The last attribute is `midpoint`

, which can be relatively complicated. This attribute determines where the node is placed on the x-axis relative to its leftmost child. I’m not entirely sure why `dendrogram`

objects plot using this parameter, but the relative referencing makes things complex. Each leaf is plotted with distance 1.0 from subsequent nodes. Thus, if the children of `x`

are both leaves, the midpoint is 0.5–halfway between the leaves, since the leaves are distance 1.0 apart.

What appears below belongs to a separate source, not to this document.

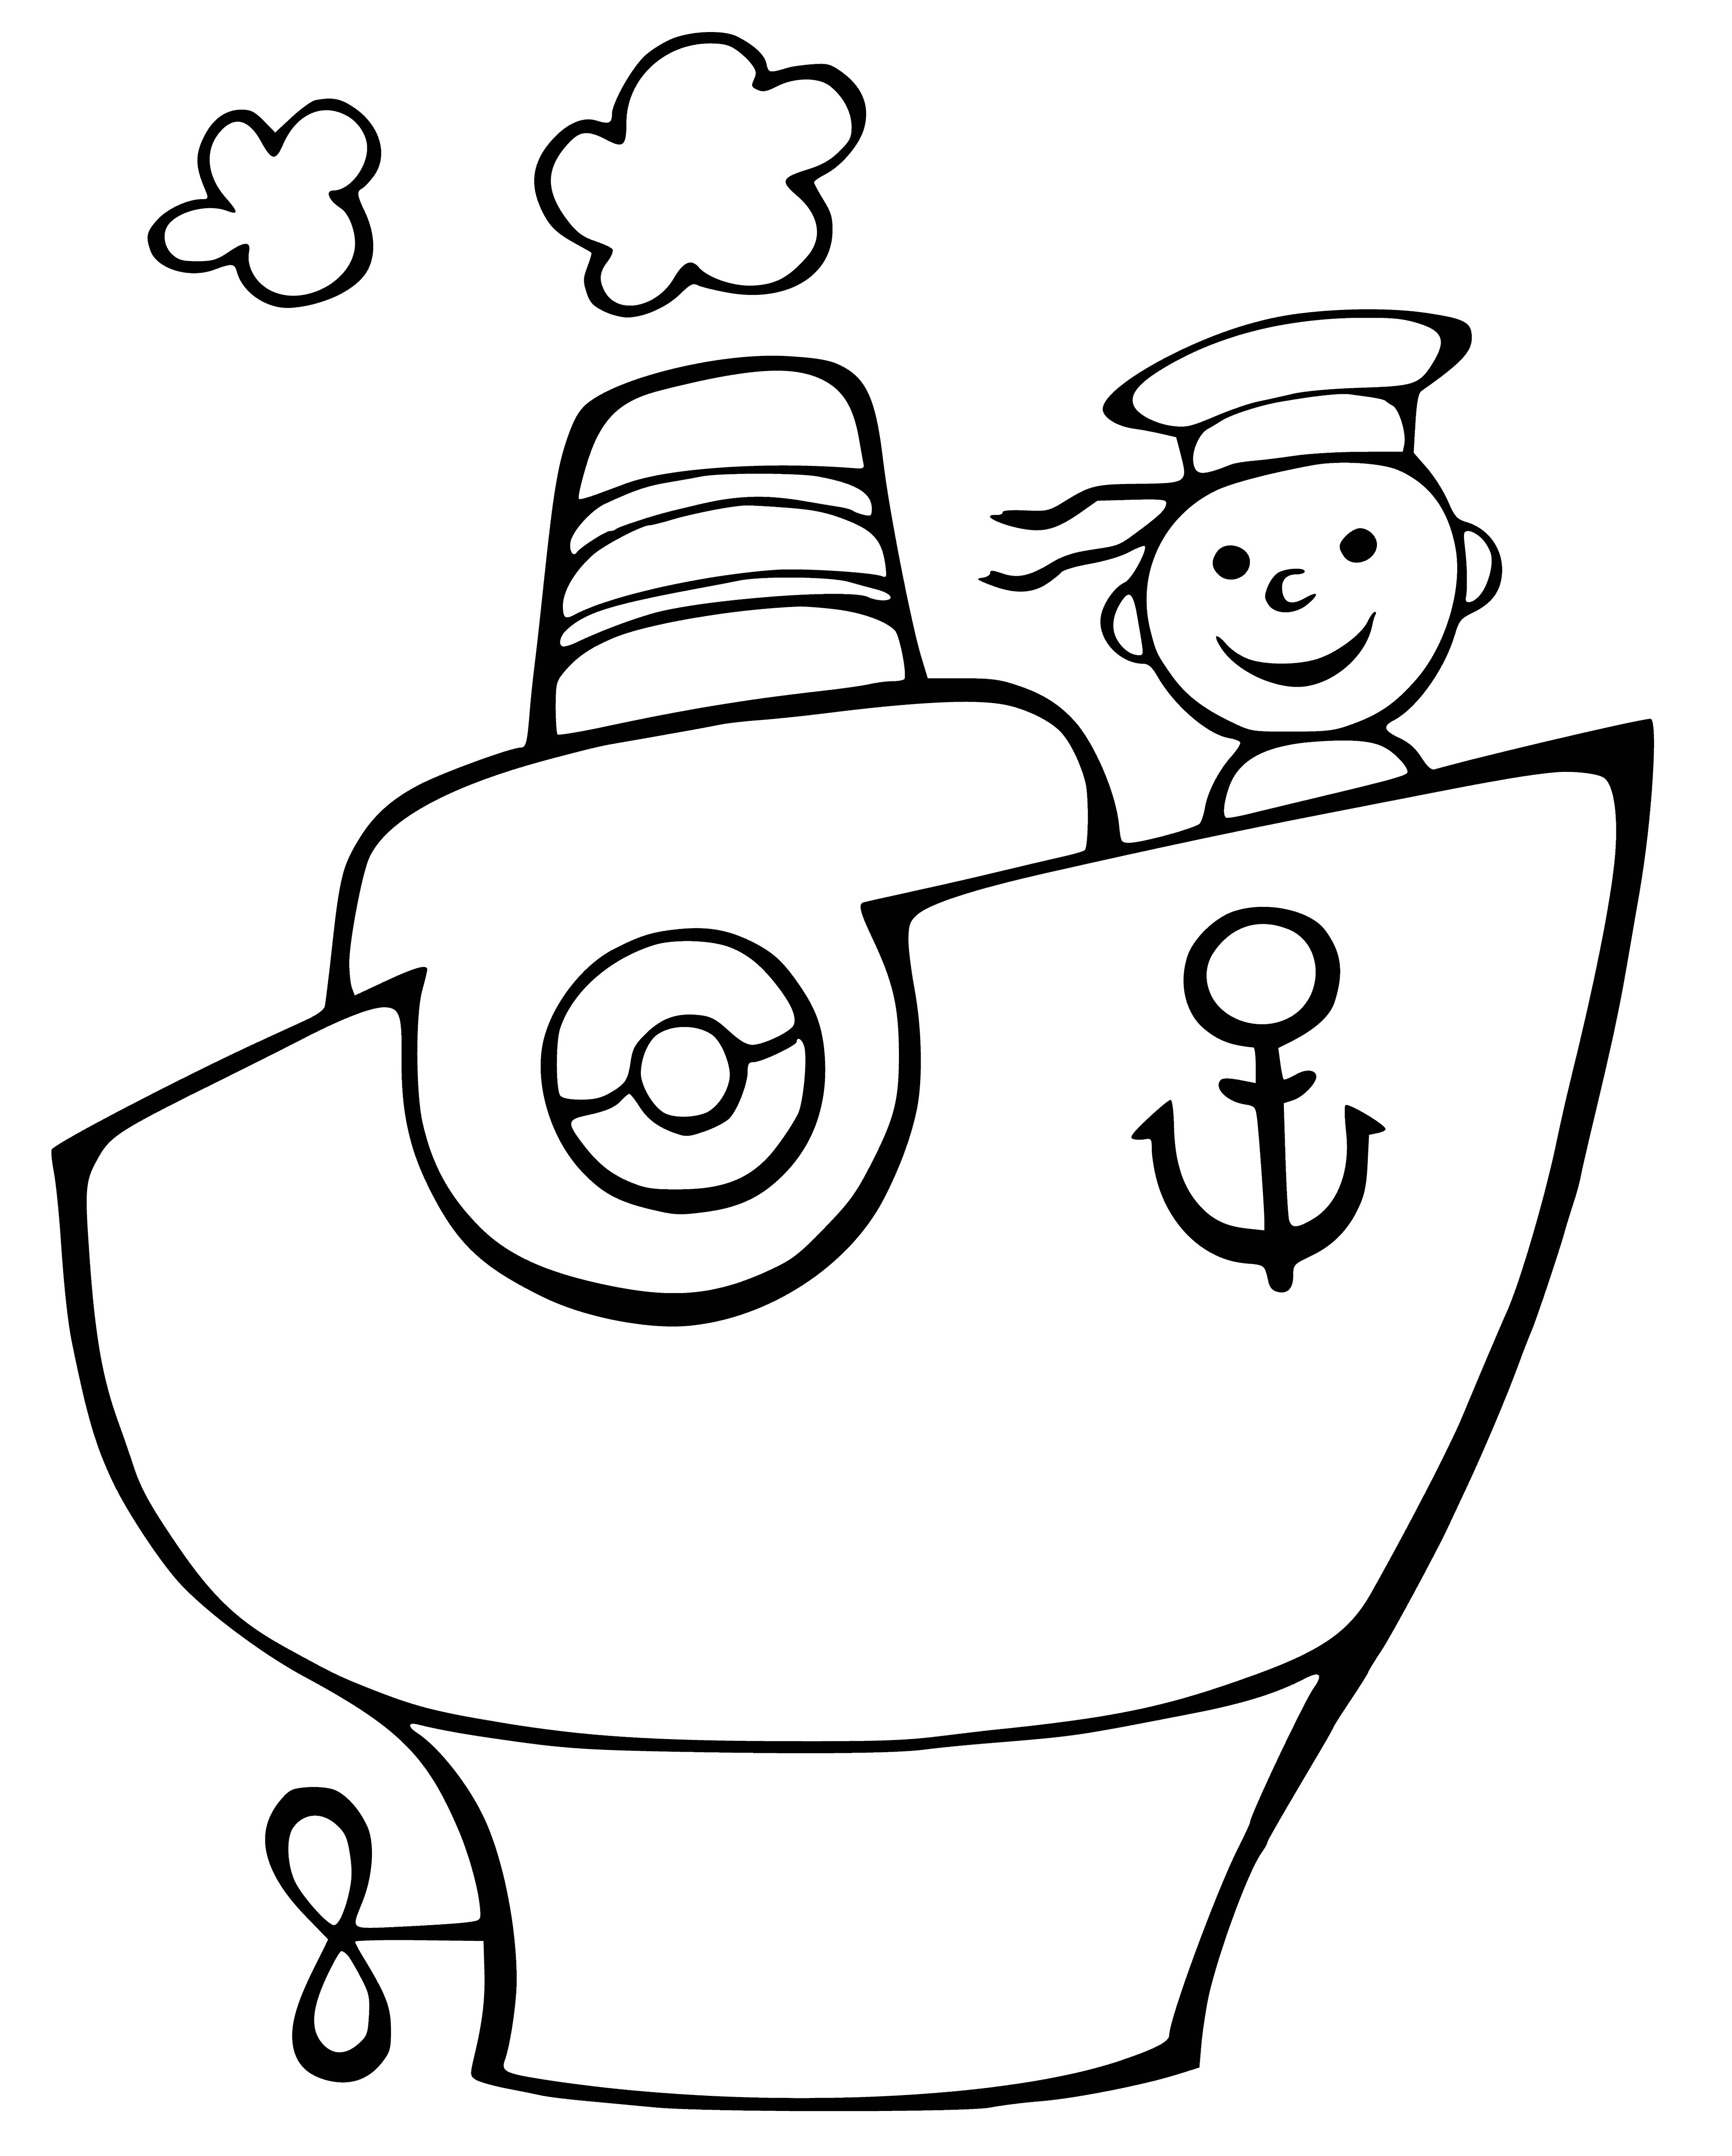 coloring page: Large ship sailing on ocean: pointed front, several windows, decks, large sliding door at back.

The other cases are more complicated, but I’ll include the code below and leave the reasoning as an exercise for the reader.

```
f <- function(node_indices, node_data){
## ... everything from before
## here's what we were missing:
midpoint <- \(x) attr(x, 'midpoint')
height <- \(x) attr(x, 'height')
root <- dendrapply(root, \(x){
if(!is.leaf(x)){
## internal nodes
attr(x, 'members') <- length(unlist(x))
attr(x, 'height') <- max(height(x[[1]]), height(x[[2]])) + 1L
## midpoint calculation
mp <- 0
child_is_leaf <- c(is.leaf(x[[1]]), is.leaf(x[[2]]))
if(child_is_leaf[1] && child_is_leaf[2]){
## both children leaves
mp <- 0.5
} else if(child_is_leaf[1]){
## only left child a leaf
mp <- ((midpoint(x[[2]]) + 1L) / 2)
} else if(child_is_leaf[2]){
## only right child is a leaf
mp <- ((midpoint(x[[1]]) + 1L) / 2) + midpoint(x[[1]])
} else {
## both children non-leaves
mp <- (attr(x[[1]], 'members') + midpoint(x[[1]]) + midpoint(x[[2]])) / 2
}
attr(x, 'midpoint') <- mp
} else {
## leaves
attr(x, 'members') <- 1L
}
x
}, how='post.order')
root
}
```

## Conclusion

This doesn’t put together the entire function–if you’re interested in the complete thing, you can check out the source code on GitHub. Thanks for reading!